■ TASK TO CARRY OUT: Print the data exactly as written, but leave out each picture.

■ SOURCE DATA:
'''

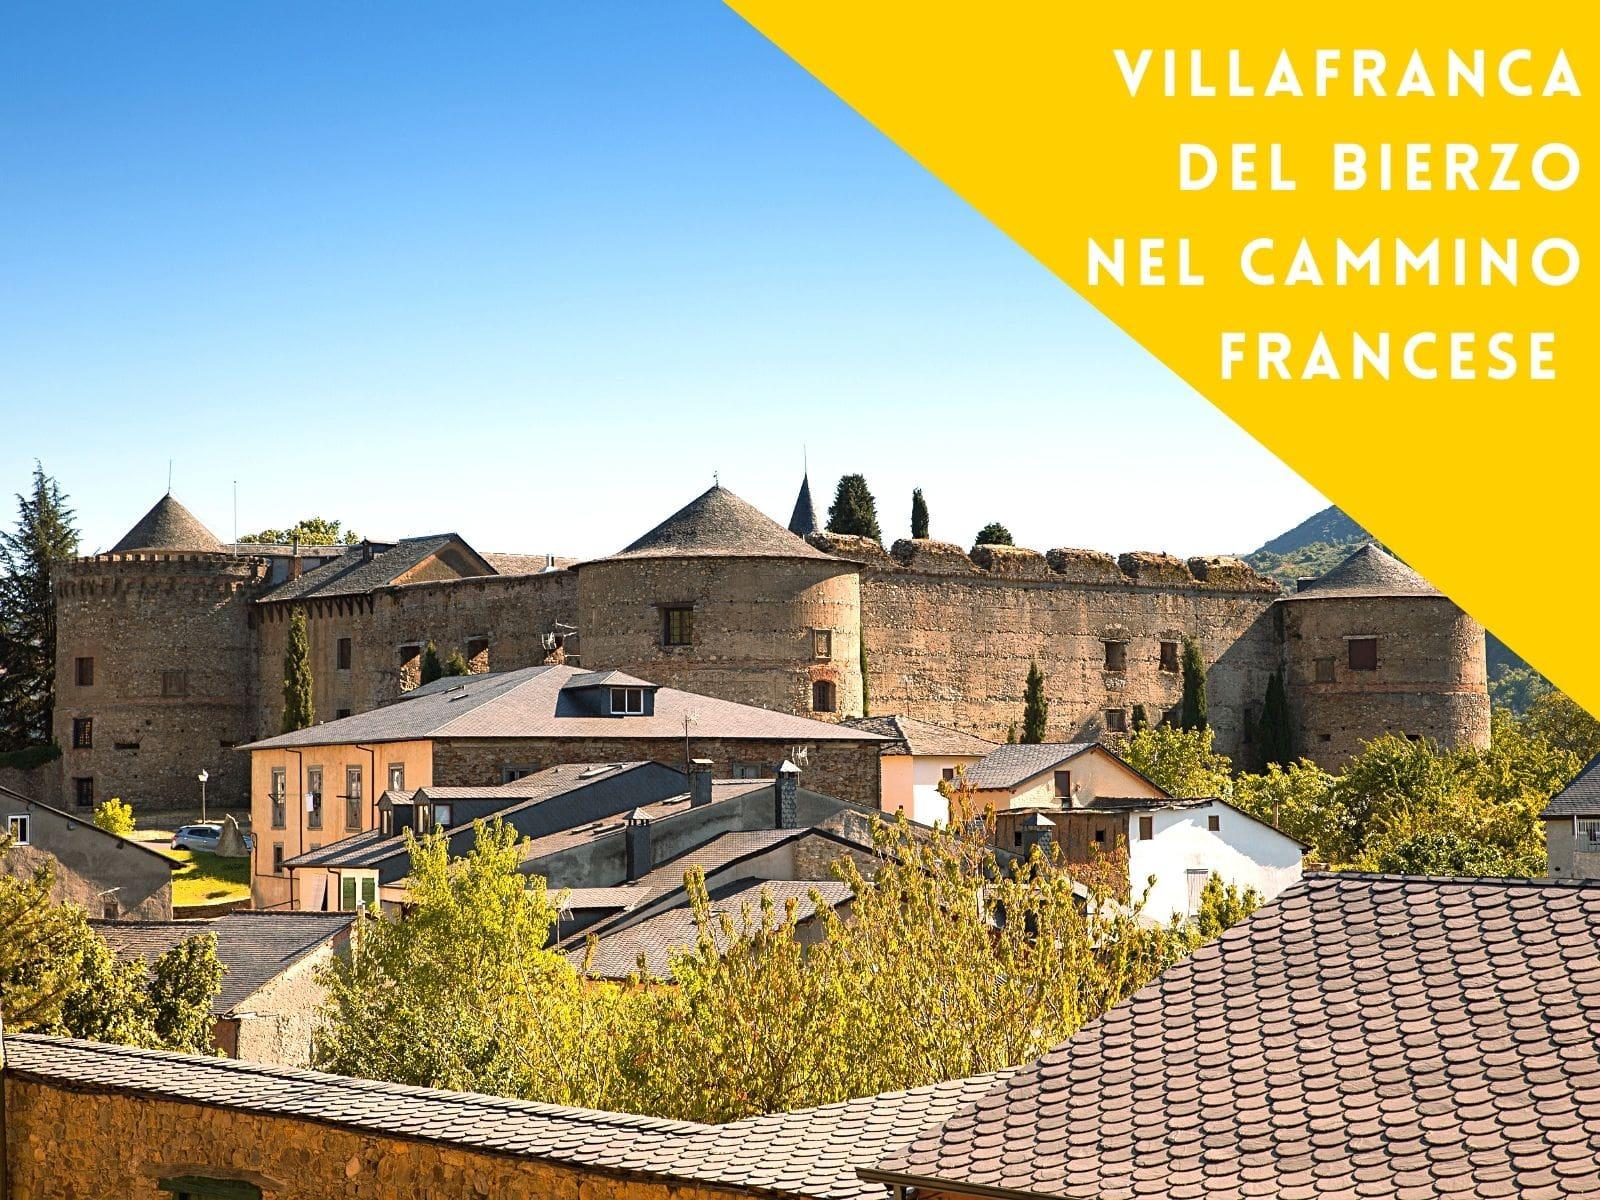 Villafranca del Bierzo nel Cammino Francese
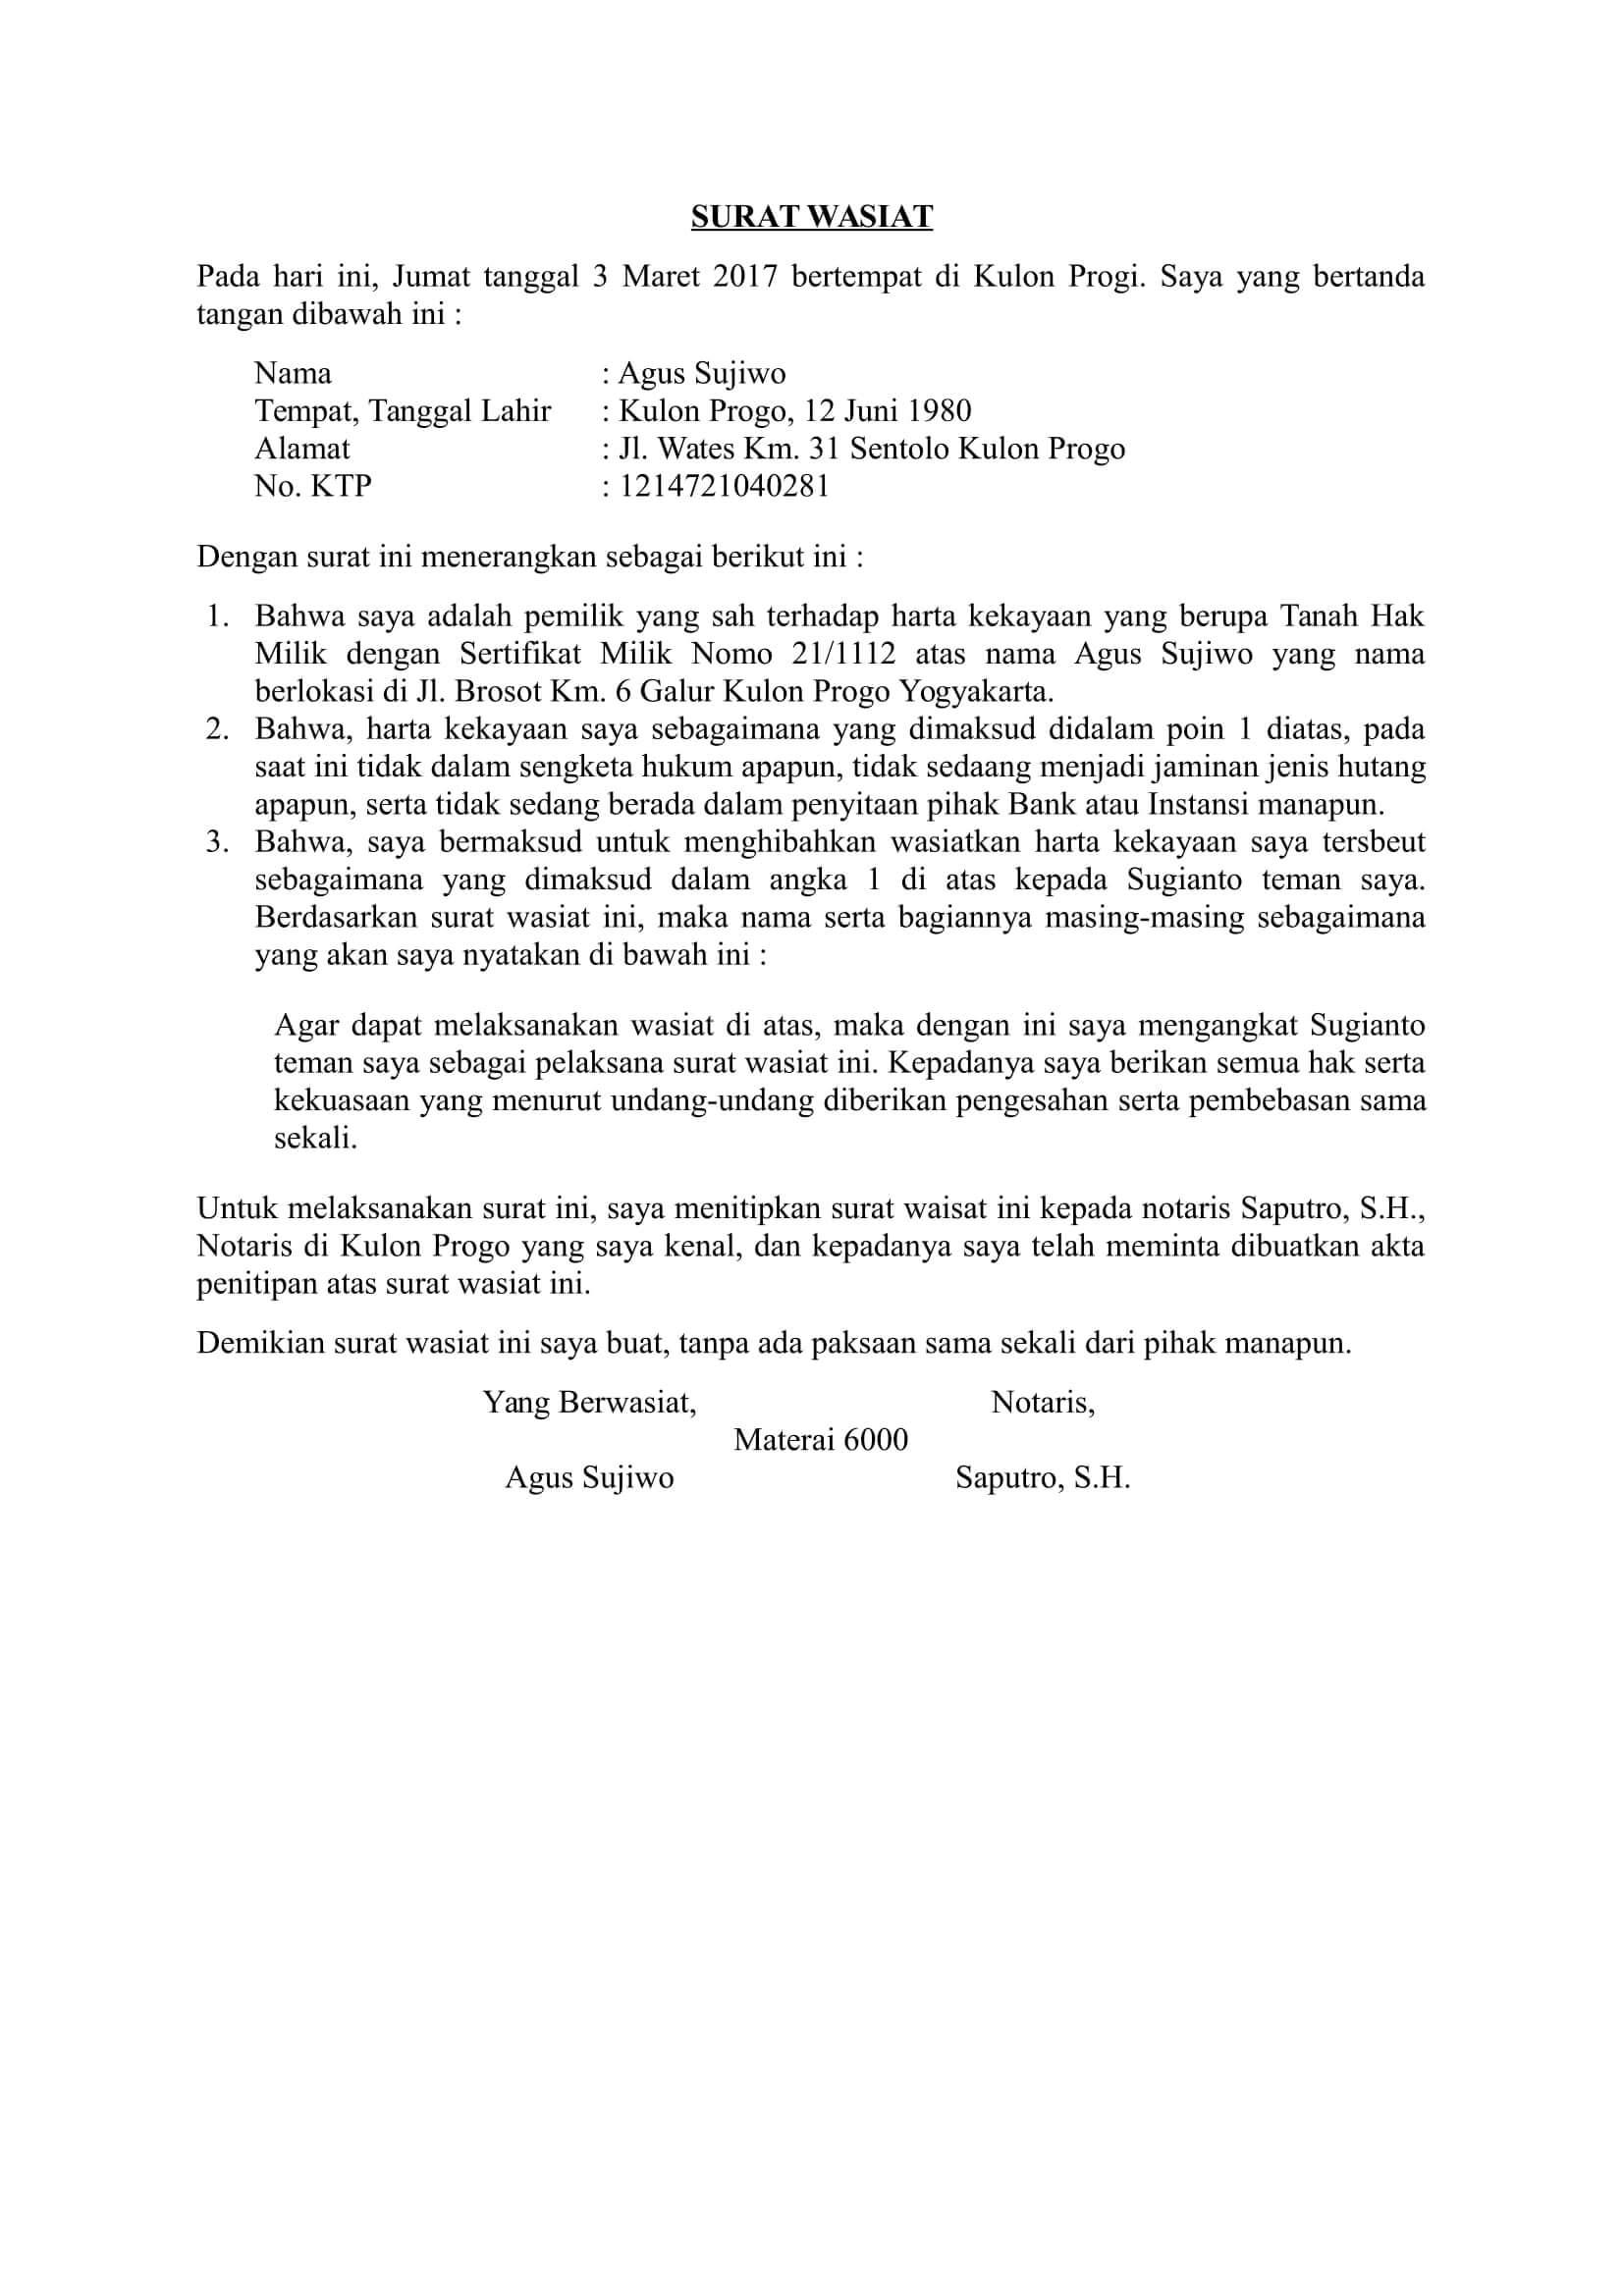 Contoh Surat Wasiat
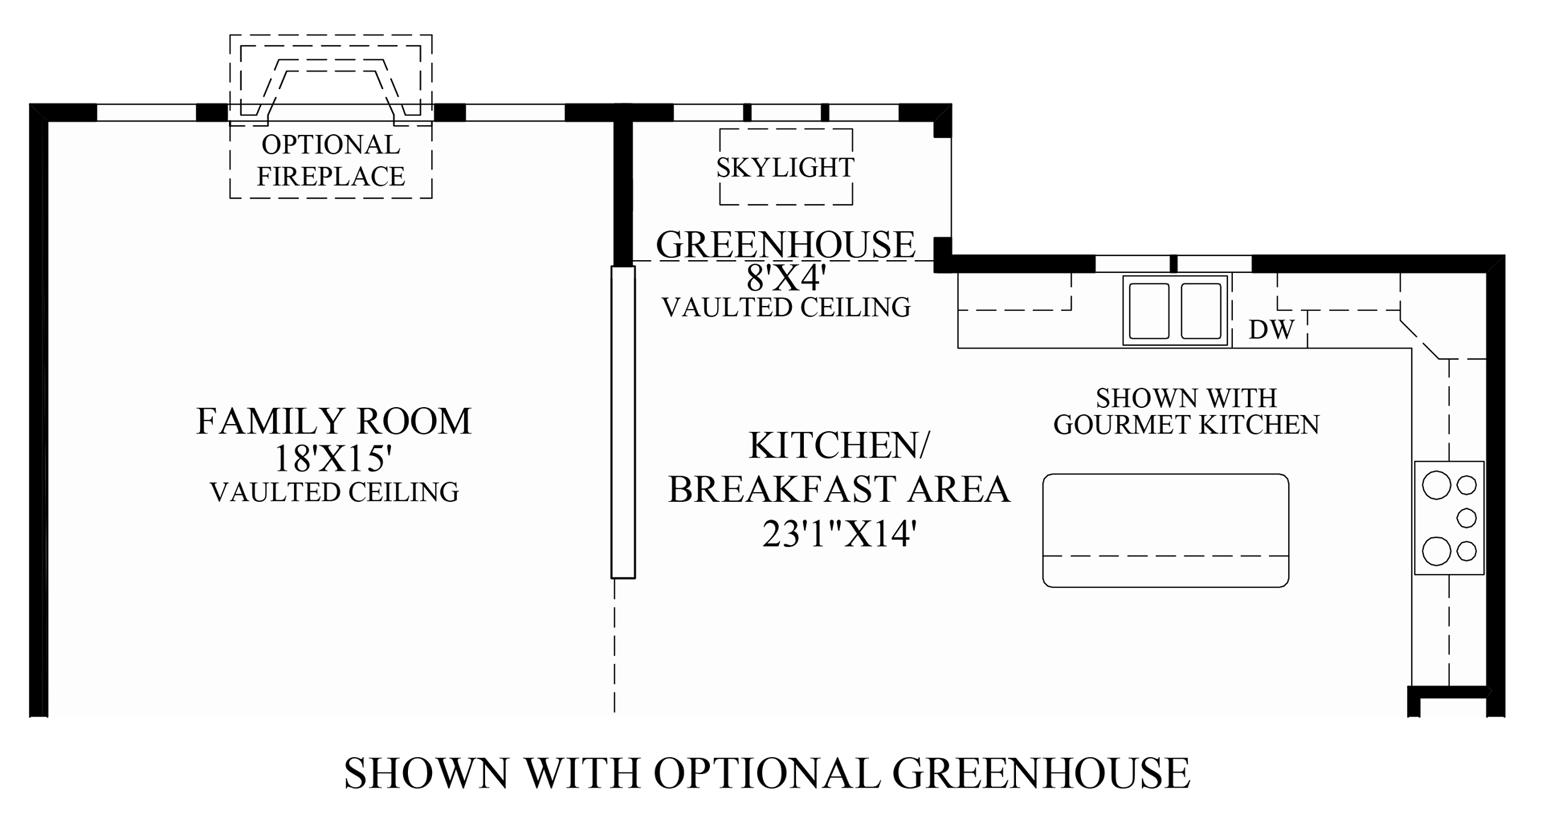 marlboro ridge the glen the woodstock home design

'''

■ SOLVED PROBLEM:
 Villafranca del Bierzo nel Cammino Francese
 Contoh Surat Wasiat
 marlboro ridge the glen the woodstock home design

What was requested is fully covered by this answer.